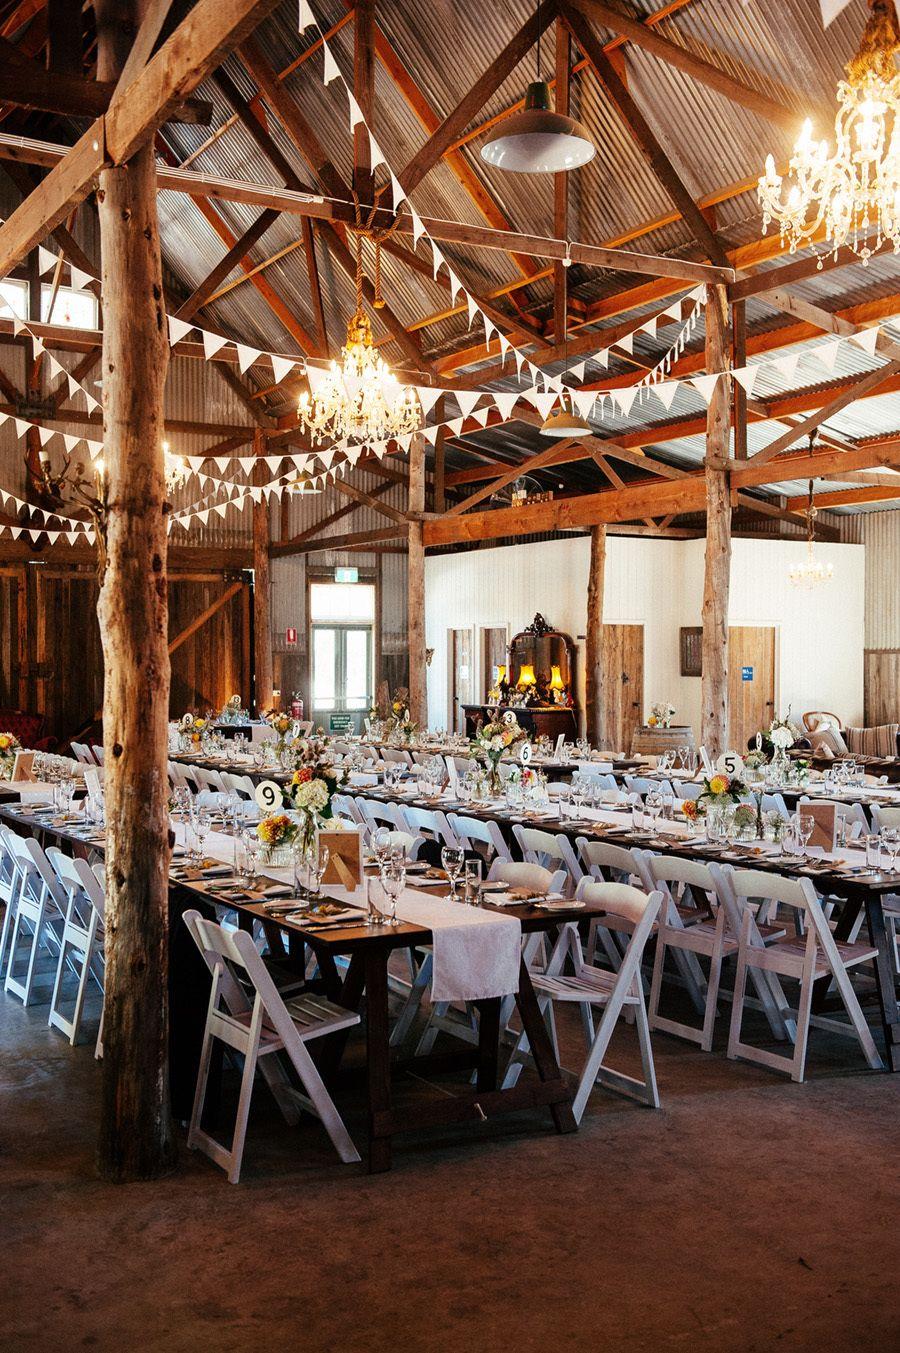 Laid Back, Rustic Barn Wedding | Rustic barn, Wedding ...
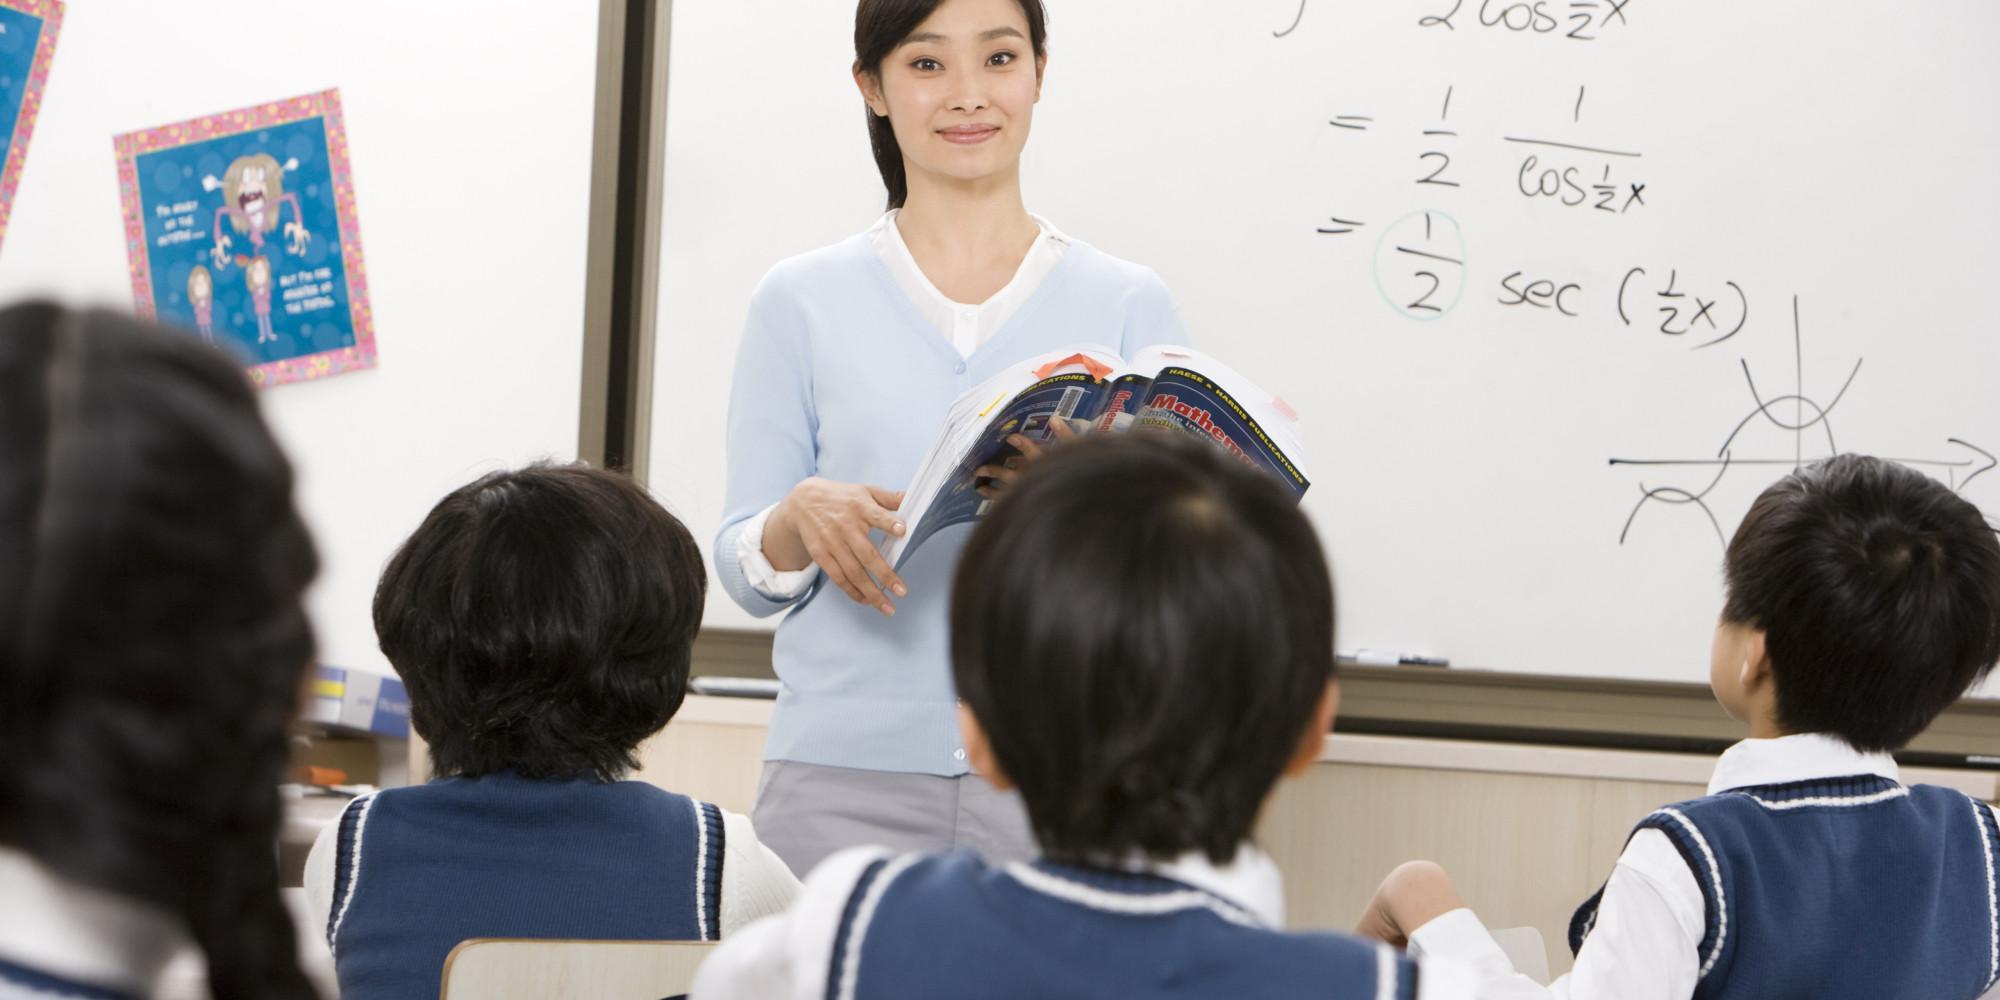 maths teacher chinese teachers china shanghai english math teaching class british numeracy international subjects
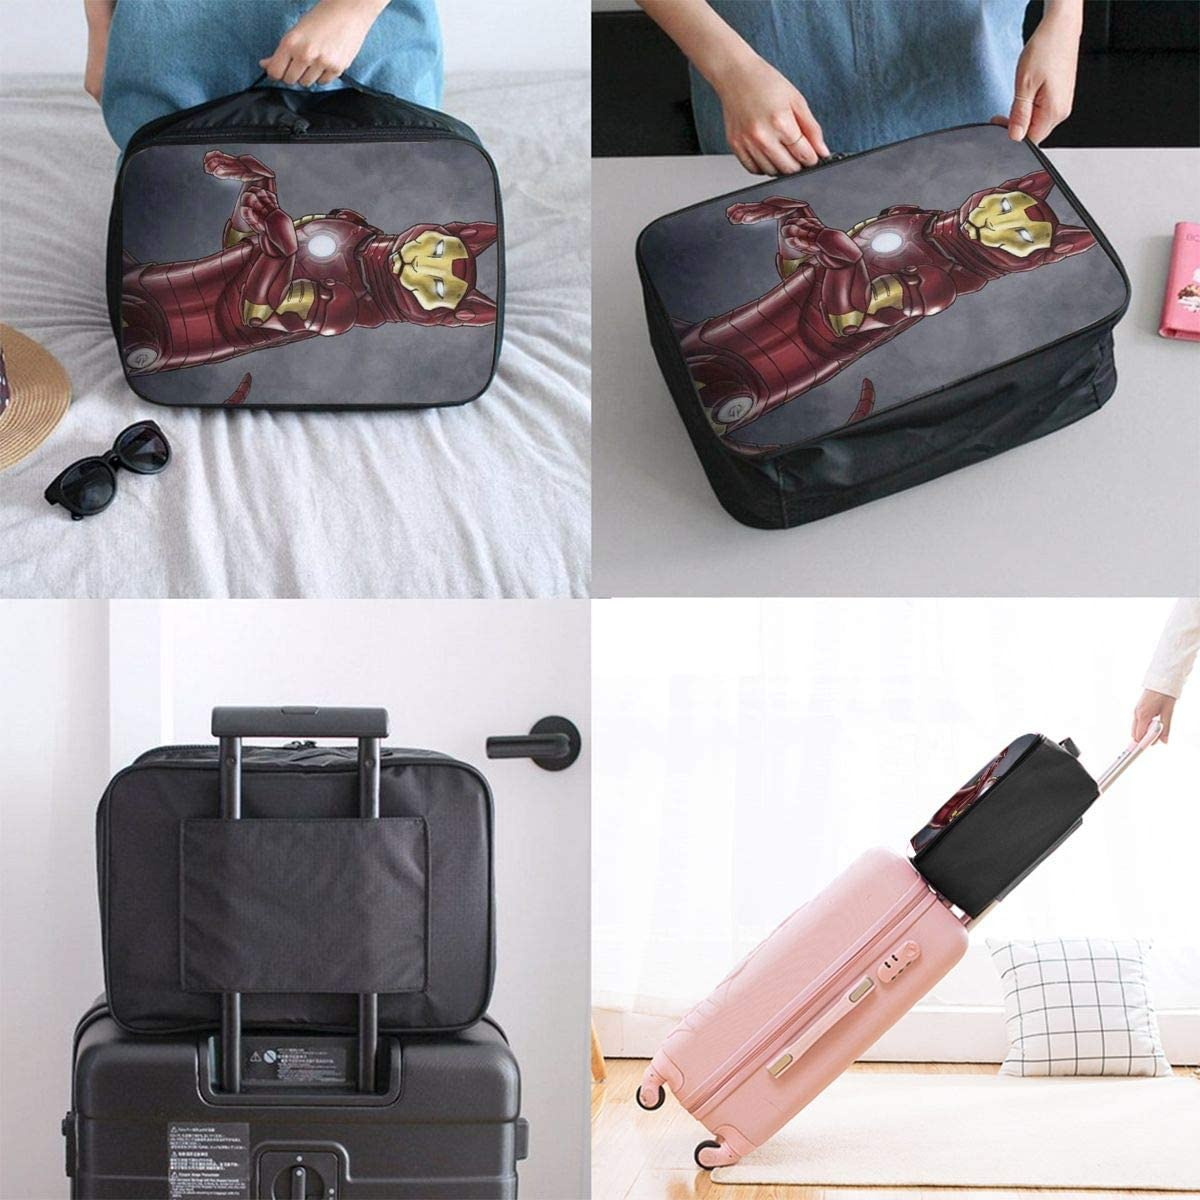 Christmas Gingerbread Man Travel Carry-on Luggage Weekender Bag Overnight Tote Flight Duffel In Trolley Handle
·····
The expected output is the lines from the line that contains "maths teacher chinese" through the last line of the material, reproduced exactly, with both ends present and pictures absent.

 maths teacher chinese teachers china shanghai english math teaching class british numeracy international subjects
 Christmas Gingerbread Man Travel Carry-on Luggage Weekender Bag Overnight Tote Flight Duffel In Trolley Handle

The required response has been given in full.